Netflix has very little legacy content of its own and must choose between buying the rights off others in an increasingly competitive environment and producing its own content with the risks and expense this entails. Netflix was dealt a blow last year, when it lost the streaming rights to The Office and Friends in quick succession, in a clear sign that buying streaming rights only gets more expensive at each negotiation and there is no loyalty shown to the incumbents.
Consequently, Netflix has been producing more and more of its own content in recent years and, in my opinion, is a long way from any content that people will be watching a decade from now. The Irishman proved to be an expensive flop and saw popular criticism for its lack of female characters or dialogue. House of Cards was vastly popular, but suffered the x-factor of Kevin Spacey's rapid fall from grace, resulting from the #metoo movement.
This speaks to the survivorship bias we observe in the media world. In reality, there are a vast number of flops and has-beens for every show that gains the cash-cow status of Star Trek or Seinfeld. Netflix is currently building its library, in the hope that it will develop enough hits to give it some long term cash flow traction. There must obviously be a lot of misses in this process, but Netflix's accounting seems oblivious to this fact.
Netflix has been depreciating the cost of producing its content over 10 years, despite base rates informing us that most programs will be virtually worthless after year one, thereby accounting all their programming as if it was the next enduring hit.
This has the large advantage for Netflix of allowing it to show a small adjusted profit, by pushing these expenses out to future accounting years. Another handy tweak, which is popular among disruptors and Silicon Valley types, is to remove share based compensation from the P&L.
This gives earnings another handy boost, even though these are very real costs to any shareholder in the company (share based comp. was $1 billion for 2019). NFLX depreciated and amortised $20 billion dollars for 2019, and if this figure was more realistic it would easily wipe out the reported net income of $1.89 billion.
So Netflix is a successful, fast growing creator and distributor of media content, however finds itself in a suddenly more competitive environment with very little in the way of moat to keep its customer base sticky.
So what's the price? Well you can't value it using Price/Free Cash Flow, because NFLX burned $3.3 billion in cash last year and has never produced positive cash flow. If we accept their reported net income, despite its obvious flaws, we end up with a PE of 102x and an EV/EBITDA of 67x 2019 numbers.
When you pay prices like this for a stock the rosy future painted by the bulls needs to be your base case. Anything other than a perfect threading of the needle will be a disaster for shareholders. Can you conceive of circumstances where increasing competition or lack of access to unlimited capital prevent NFLX from growing enough to justify 100x earnings? I could imagine quite a few possibilities and believe a NFLX shareholder today is investing without any margin of safety, whatsoever.
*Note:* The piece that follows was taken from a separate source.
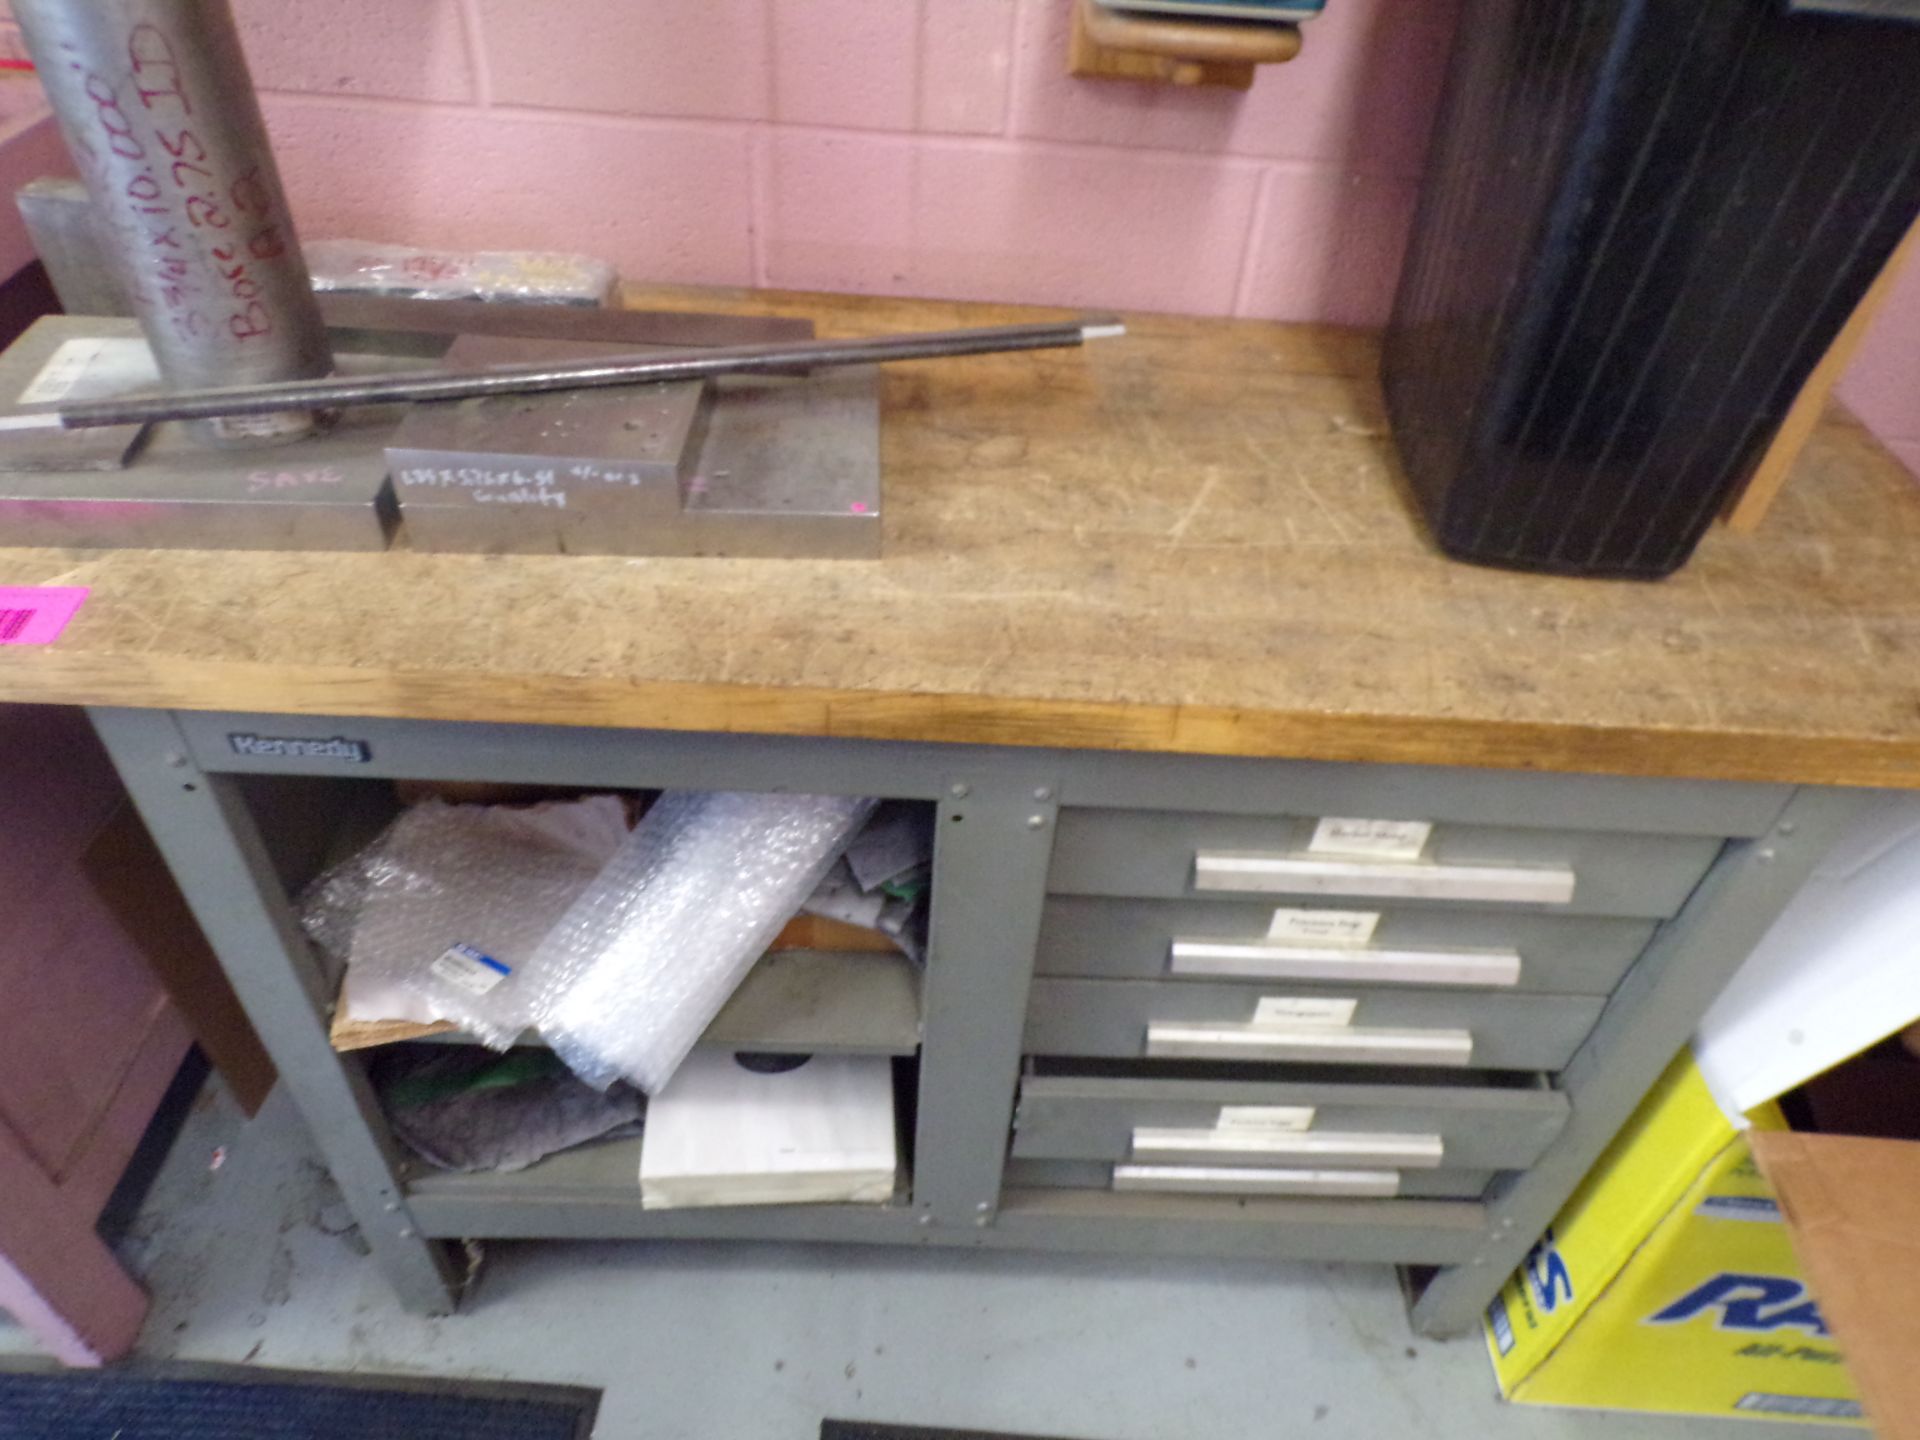 Kennedy work bench w/TOOL Steel, CRS pieces - Image 8 of 10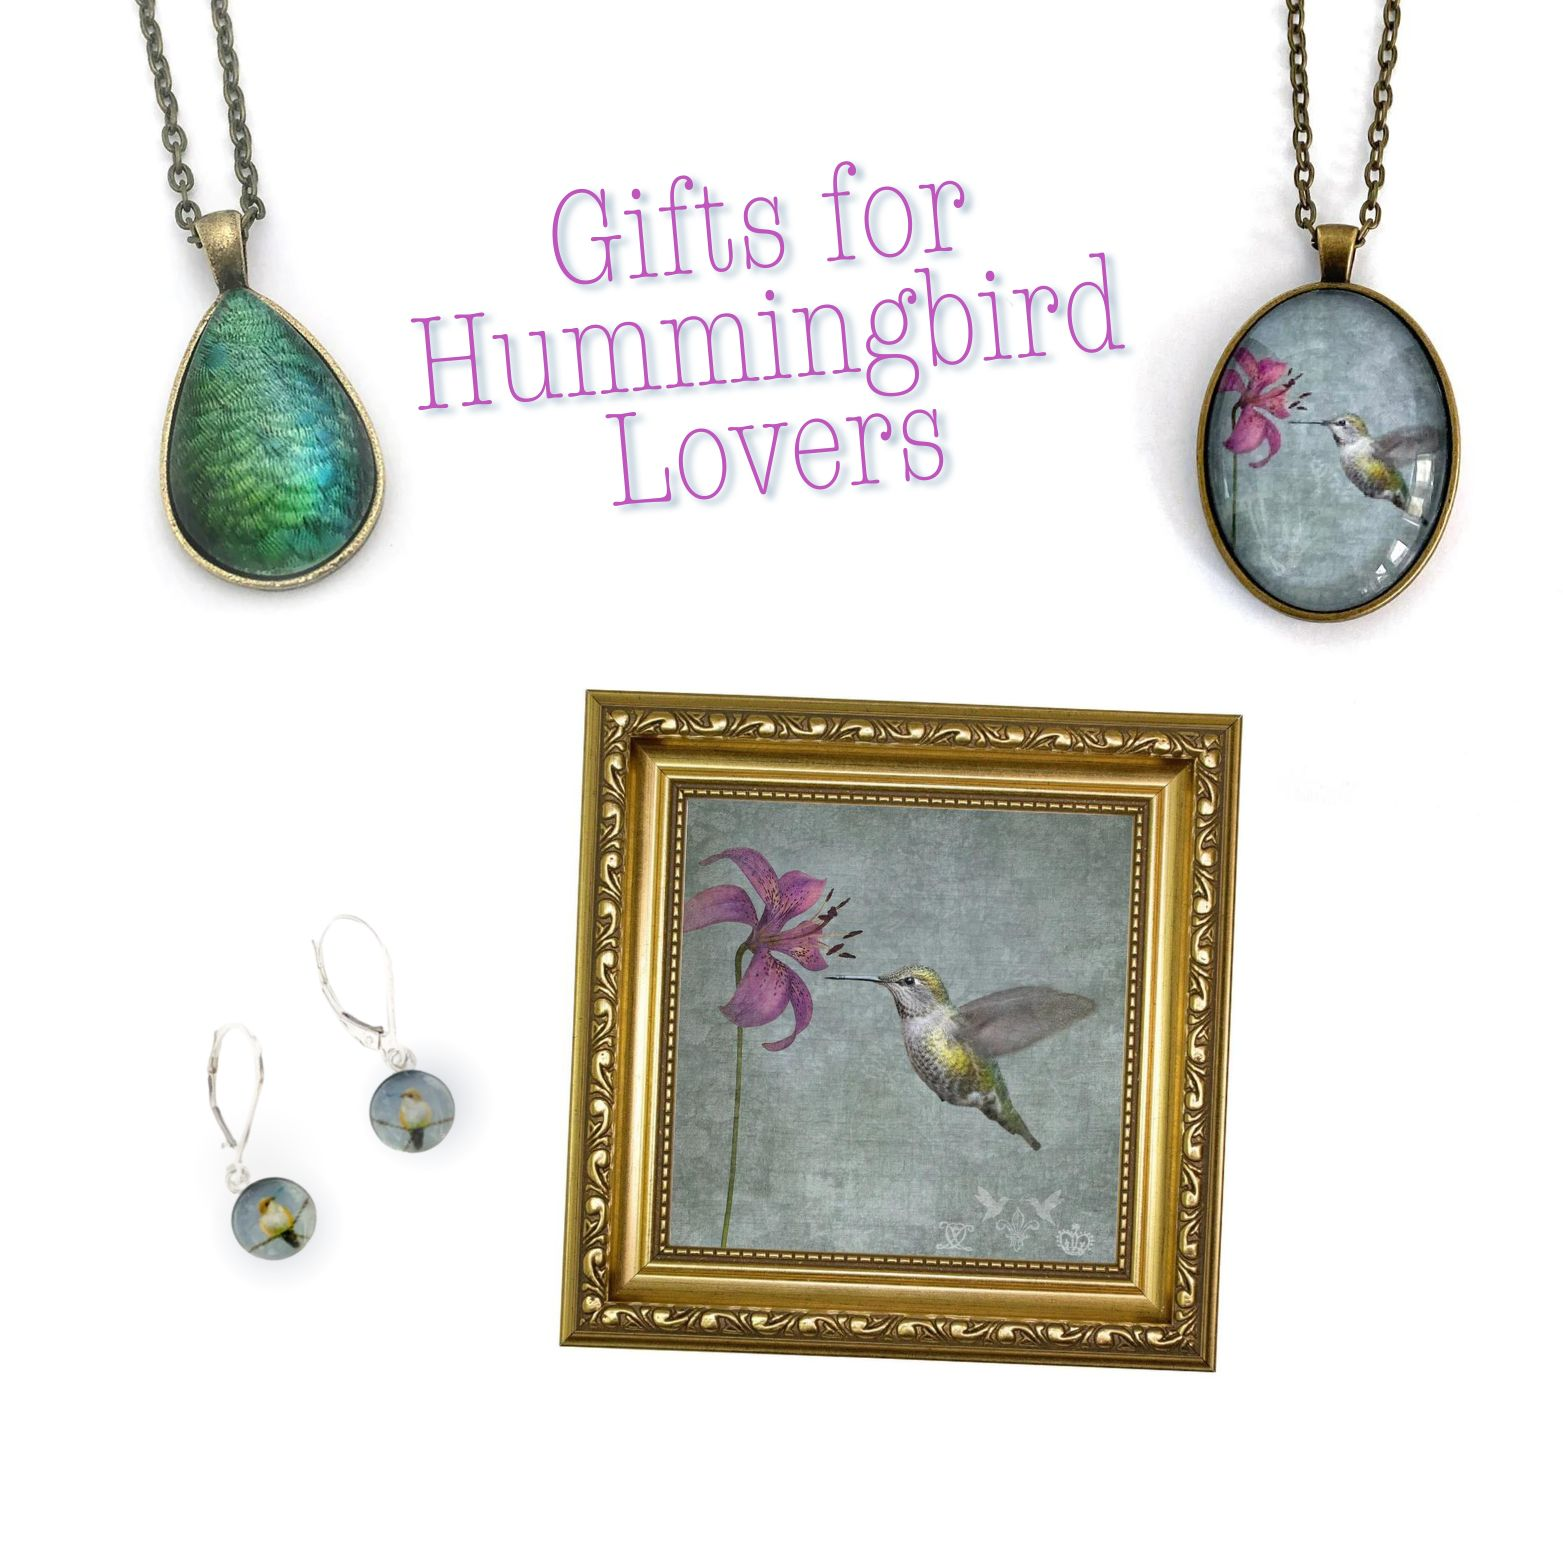 For anyone who loves hummingbirds, these gifts will surprise and delight. Create a gift box with an arrangement of items.

A huge part of my investing philosophy is based around mean reversion. This could be in the form of asset valuation, asset returns, sentiment or company profitability. With ViacomCBS priced for the scrapheap, any improvement in mood, profitability, a takeover offer or a successful move to a streaming presence could see the stock move significantly higher.
If the toxic is priced in, merely awful can give a great outcome and passable can give stellar results. So let's check back in in 5 years.
Or as Benjamin Graham quoted Horace- "Many shall be restored that are now fallen, and many shall fall that are now in honor."